Camlian cited the definition of massacre by the Cambridge Dictionaries as “the killing of a large number of people, esp. people who are not involved in any fighting or have no way of defending themselves.”
He said the SAF men came to Mamasapano in full battle gear, ready to fight and knew what they were getting into.
Trapped and outnumbered, the commandos died fighting with only one survivor.
“You removed their (SAF men) being heroes, you removed their being gallant fighters,” said Camlian. “They fought a bloody war, they fought, bravery was there, then you say it is a massacre, that means they were unarmed.”
Camlian led a group of Moro National Liberation Front (MNLF) fighters who trained in military and guerilla warfare on Jampiras island in
“Masasayang ‘yong mga medals, the honor bestowed upon these people. They were not massacred, they fought a gallant fight,” said the MILF negotiator. “And I salute them for their bravery, we salute them for their sense of duty to honor the country. But as I said, to call that incident a massacre, that is a misnomer.”
Camlian said the genuine massacres were committed against the Moros in the Jabidah Massacre, the Manili Massacre, the Pata Massacres, Bud Daho Massacre because the victims were not armed and had no way to defend themselves.

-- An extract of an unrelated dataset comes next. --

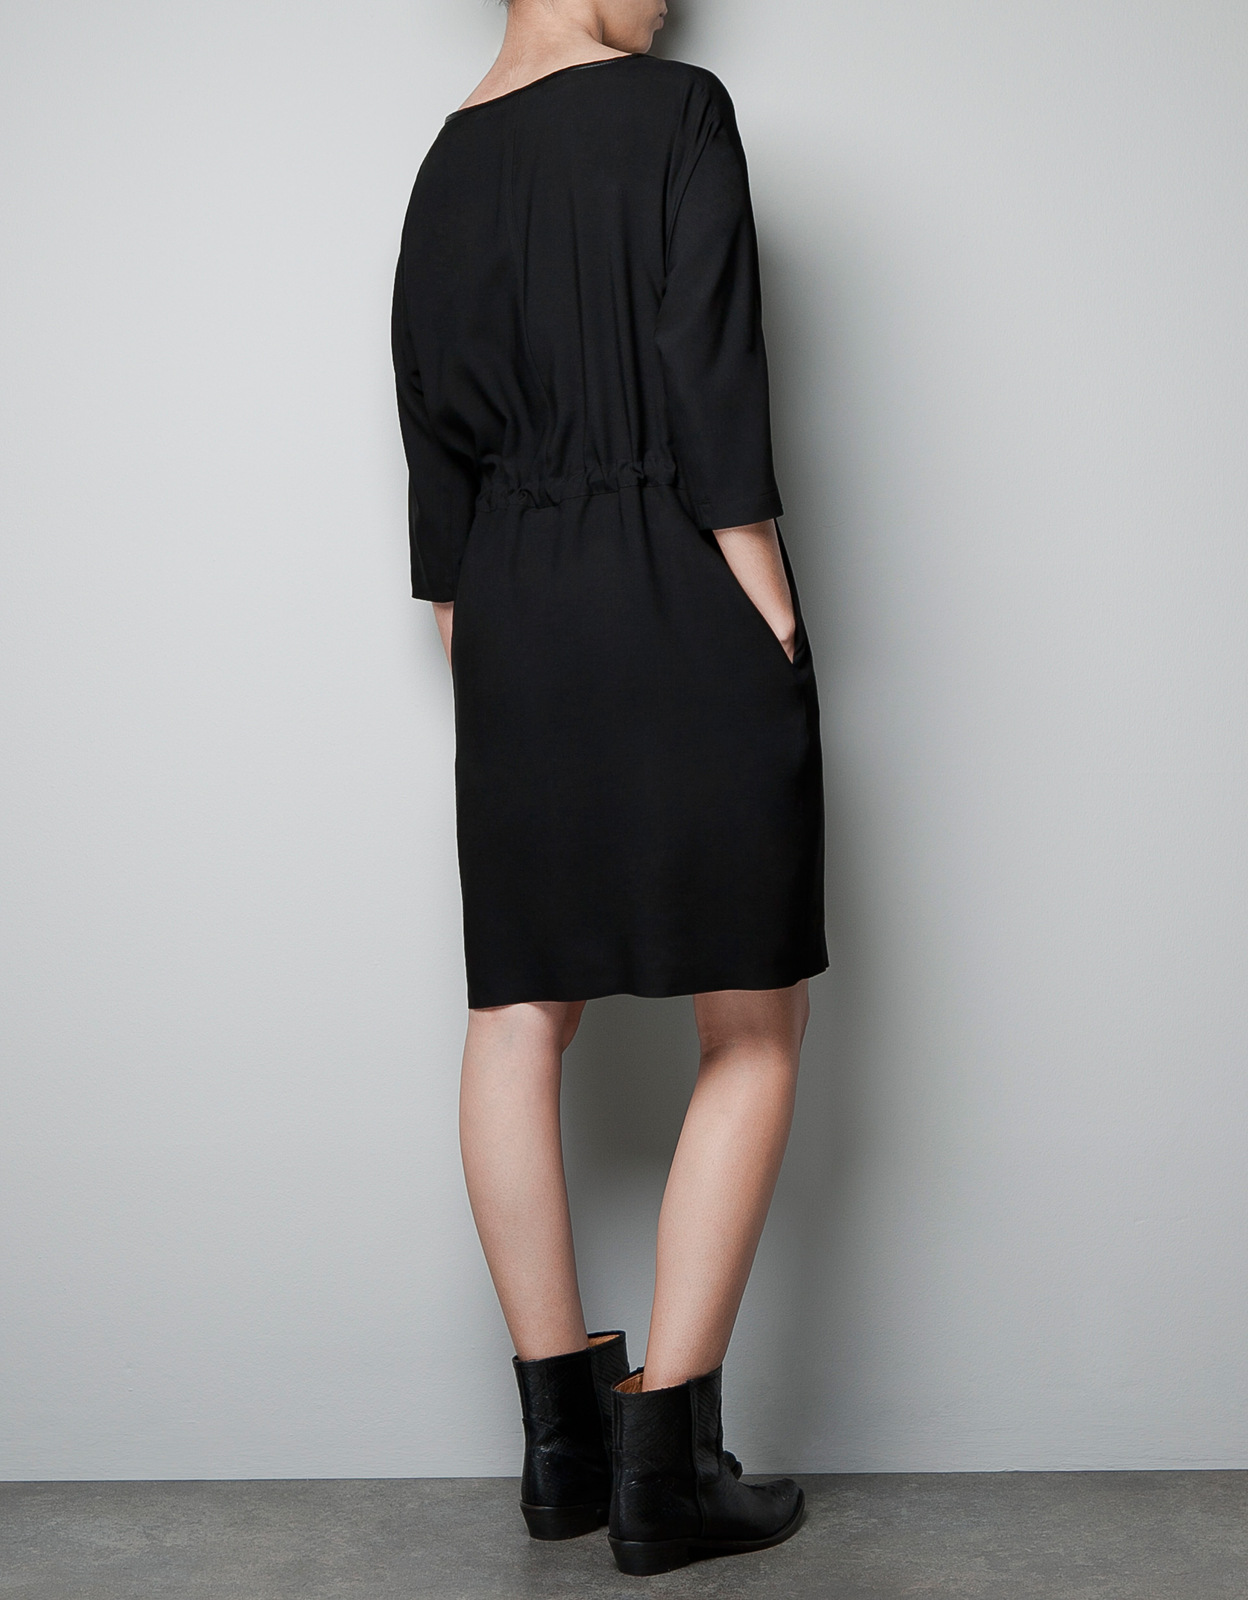 Zara fekete ruha 2012 fotója

Saying the SAF 44 were massacred, is “a misrepresentation of their gallantry, who died fighting war, it is martyrdom.”
Camlian said the commandos “did not chicken out. If they chickened out, then maybe they were massacred. But they did not chicken out, they fought.”
The Mamasapano incident was not the first time, according to Camlian.
He recalled that the PNP’s predecessor, the Philippine Constabulary (PC), had an elite group called the “Nenita Unit” which was sent to the Korean War in the 1950s.
“They were so proud with their accomplishments that when they came home they were sent to capture or neutralize Kamlon and his men in Jolo, Sulu. Kamlon wiped them out, with only one survivor. But there was no national uproar then,” he said.
Camlian was referring to Hadji Kamlon, a World War II guerilla hero who led a rebellion from 1948 to 1955.
The MILF peace panel member said when recruits joined the Armed Forces (PNP) or the Philippine National Police (PNP), they know what they are going to face.
“One of your feet is already in the hole (grave). And your family must realize that. Otherwise, if your family is not willing that you might die in the line of duty, you should not allow a family member to join the security forces of the government,” said Camlian.
“Unfortunately, in war you either kill somebody, or be killed. That is the law of war,” he added.
Camlian was reacting to the Senate draft report presented by Senator Grace Poe Llamanzares describing the Jan. 25 incident as a massacre.